Religion and Organized Violence (3)

In our everyday usage, “war” is often a good word, or at least a neutral one; but we all know that “terrorism” is always a bad word. “Warriors” are often role models, but “terrorists” are never so.  Yet, when we look closer at the phenomena that these words are supposed to describe, we come to notice the many similarities they share, similarities that often blur the boundary between war and terrorism, between warriors and terrorists.  Both phenomena, after all, belong to the larger category of “organized violence.”

slide25There are two major assumptions that the supporters of war share with the supporters of terror.  Both “we” and “they” agree that (1) organized violence is justified under certain conditions, and (2) noncombatant casualties are acceptable under certain conditions.  The disagreement between warriors and terrorists is not on these two assumptions, but on their respective understandings of what counts as “certain conditions.”

The first assumption is fairly obvious; it is not just criminals and bad guys who believe in the legitimacy of organized violence under “certain conditions,” it is all of us.  We, the law-abiding and peaceful citizens of the modern nation-state, demonstrate in very concrete ways that we accept the possibility of war, the justification for at least some wars, and the probability of deaths and injuries caused to noncombatants during the course of those wars.


We demonstrate these beliefs by maintaining permanent institutions of war, otherwise known as a professional military and associated government agencies like the deaprtment of “defense.”   The function of a professional military, to put is bluntly, is none other than preparation for and execution of large-scale organized violence in the most effective and efficient way possible.  Of course, we don’t define the professional military of our respective nation-states in exactly these words; we prefer euphemisms like defense, service, loyalty, commitment, dedication, efficiency, etc., or we employ quasi-spiritual slogans like “be all that you can be.”  But these fancy words and pretty slogans do not hide the ugly nature of the phenomena in question, just as terms like “collateral damage” do not hide the ugliness of violence against people who bear no responsibility for causing the conflict and whose deaths contribute nothing to ending it.

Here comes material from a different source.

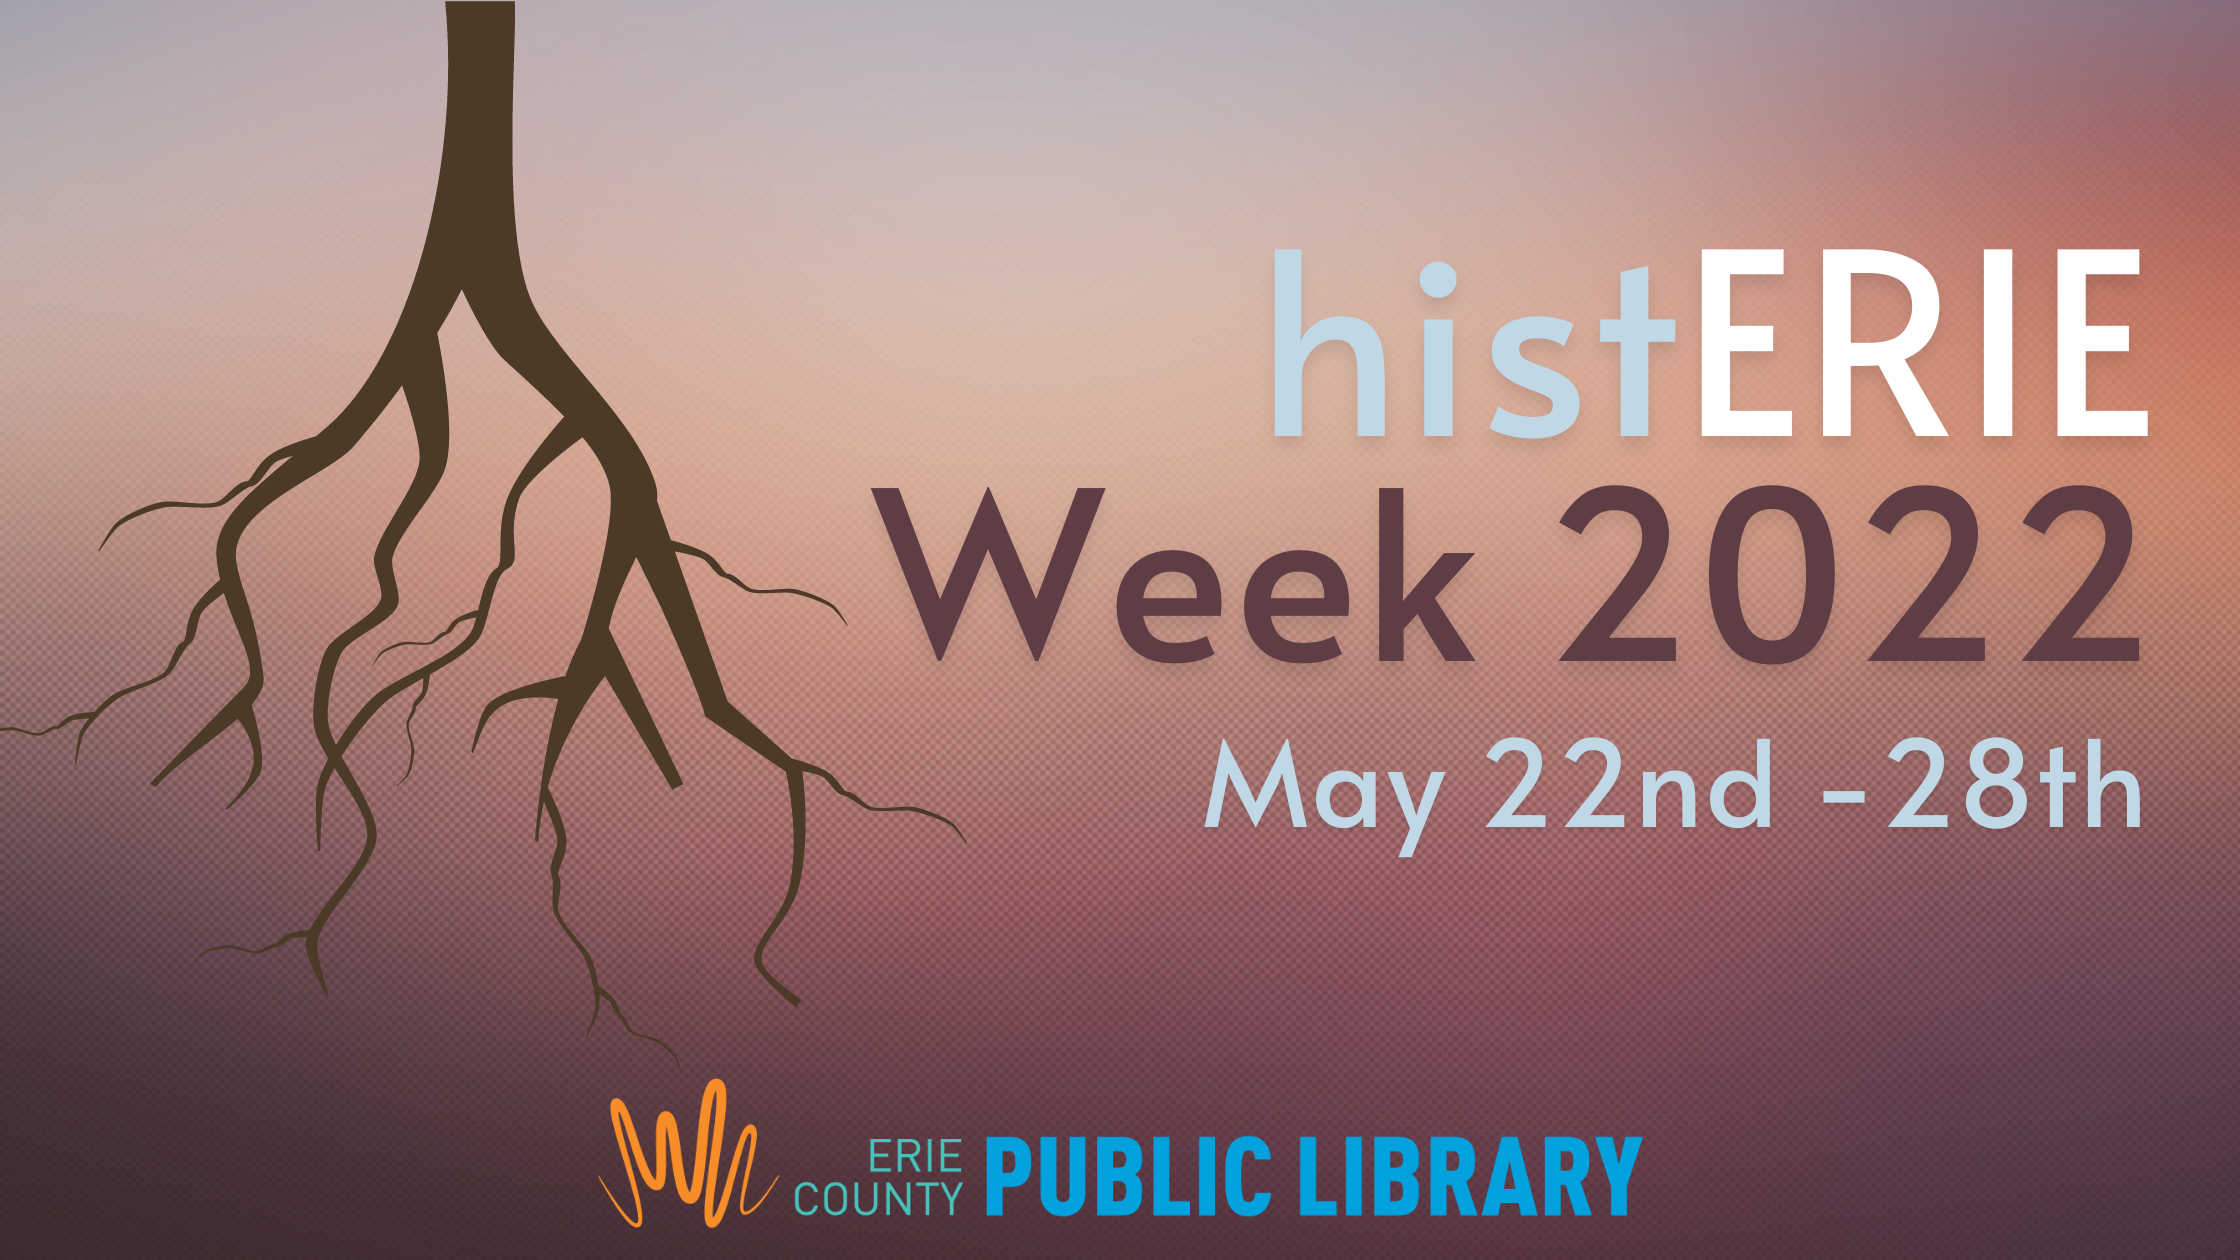 histERIE Week  - Preserving West 6th Street: Jeff Kidder

slide28While the existence of professional military is as old as civilization, the second assumption that warriors share with terrorists is relatively modern.  The insistence that noncombatants should not be harmed in a war may have been a fair demand in the pre-modern period, but it has become increasingly impossible to implement ever since aerial bombing of urban centers came into being in 1911.

Over the last hundred years or so, there has been a significant blurring of the distinction between military and civilian targets, between combatants and noncombatants, between soldiers and ordinary citizens.  In fact, the technologies of modern warfare are inherently biased against all such distinctions, partly because of their immense effectiveness vis-a-vis the primitive sword.  While an ancient or medieval warrior riding a horse and carrying a sword may spare someone who would seem incapable of causing him any harm, no such distinction is relevant for the modern pilot.  The latter merely pushes a button from the impersonal and indifferent height of a few thousand feet; he never sees his victims, either before or after the killing, and so the reality of murdering innocent people fails to touch his heart.  He flies home with a satisfied conscience, with his crisp uniform free of any one’s blood, and feeling proud in having fulfilled his national duty in the most professional manner.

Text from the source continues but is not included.